Birleşik Taşımacılık Çalışanları Sendikası (BTS) İzmir Şube Sekreteri Mehti Seyhan’la Türkiye Cumhuriyeti Devlet Demiryolları’nda (TCDD) son dönemde artan baskı ve sürgün süreçlerini konuştuk. Seyhan, TCDD’deki bu sürecin İstanbul Büyükşehir Belediyesi’nin AKP tarafından kaybedilmesinin ardından daha da arttığını belirtti ve ekledi “Ulaştırma Bakanı, Altyapı A.Ş. Genel Müdürlüğü ve Trafik Daire Başkanı… Hepsi bir araya gelerek daha önce İstanbul Büyükşehir Belediyesi’nde oluşturdukları paralel yapıyı devlet demiryollarında da oluşturdular.”
Son dönemde BTS üyelerine yönelik baskı ve sürgünle gündeme gelen TCDD’de 6 Ocak günü İzmir’de yeni bir sürgün kararı daha uygulandı. BTS üyesi 4 çalışan için sürgün kararı çıkartan demiryolları yönetimi, 3 çalışanı Malatya’ya bir çalışanı da Kars’a sürgüne gönderdi.

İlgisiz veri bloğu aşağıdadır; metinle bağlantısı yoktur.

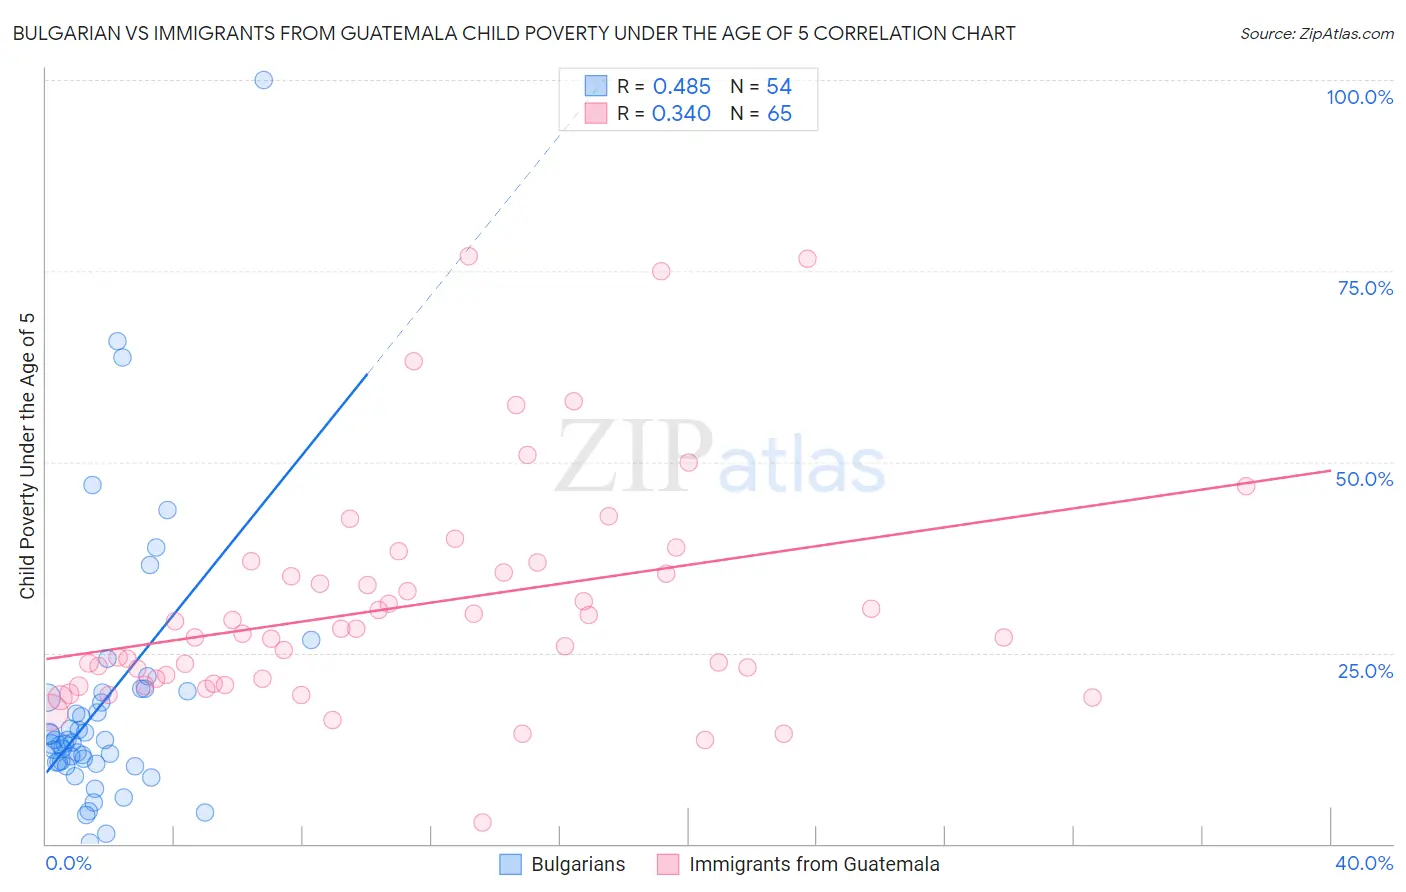 Bulgarian vs Immigrants from Guatemala Child Poverty Under the Age of 5

TCDD’de yaşanan son gelişmelerle ilgili değerlendirmelerde bulunan Mehti Seyhan “En başta süreç AKP’nin İstanbul Büyükşehir Belediyesi’ni kaybetmesinden sonra, buradaki bürokratlarını Ulaştırma Bakanlığı dâhil olmak üzere devlet demiryollarına göndermesiyle başladı. Devlet demiryolları, liyakat sahibi insanların yönetmesi gereken bir yerdir. Ancak burada işten anlamayan belki de hayatlarında tren dahi görmemiş insanların ataması yapıldı. Demiryollarının bel kemiği sayılan trafik dairesine İstanbul Büyükşehir Belediyesi’nde mezbahada görevli bir memuru atadılar. Biz de sendika olarak her zaman kurumu düşündük ve bu liyakat sahibi olmayan kişilerin kuruma zarar verdiğini ve kazaların çoğaldığını beyan ettik. Bu beyanlardan sonra sendika ve devlet demiryolları arasında bir gerginlik olmaya başladı.” şeklinde konuştu.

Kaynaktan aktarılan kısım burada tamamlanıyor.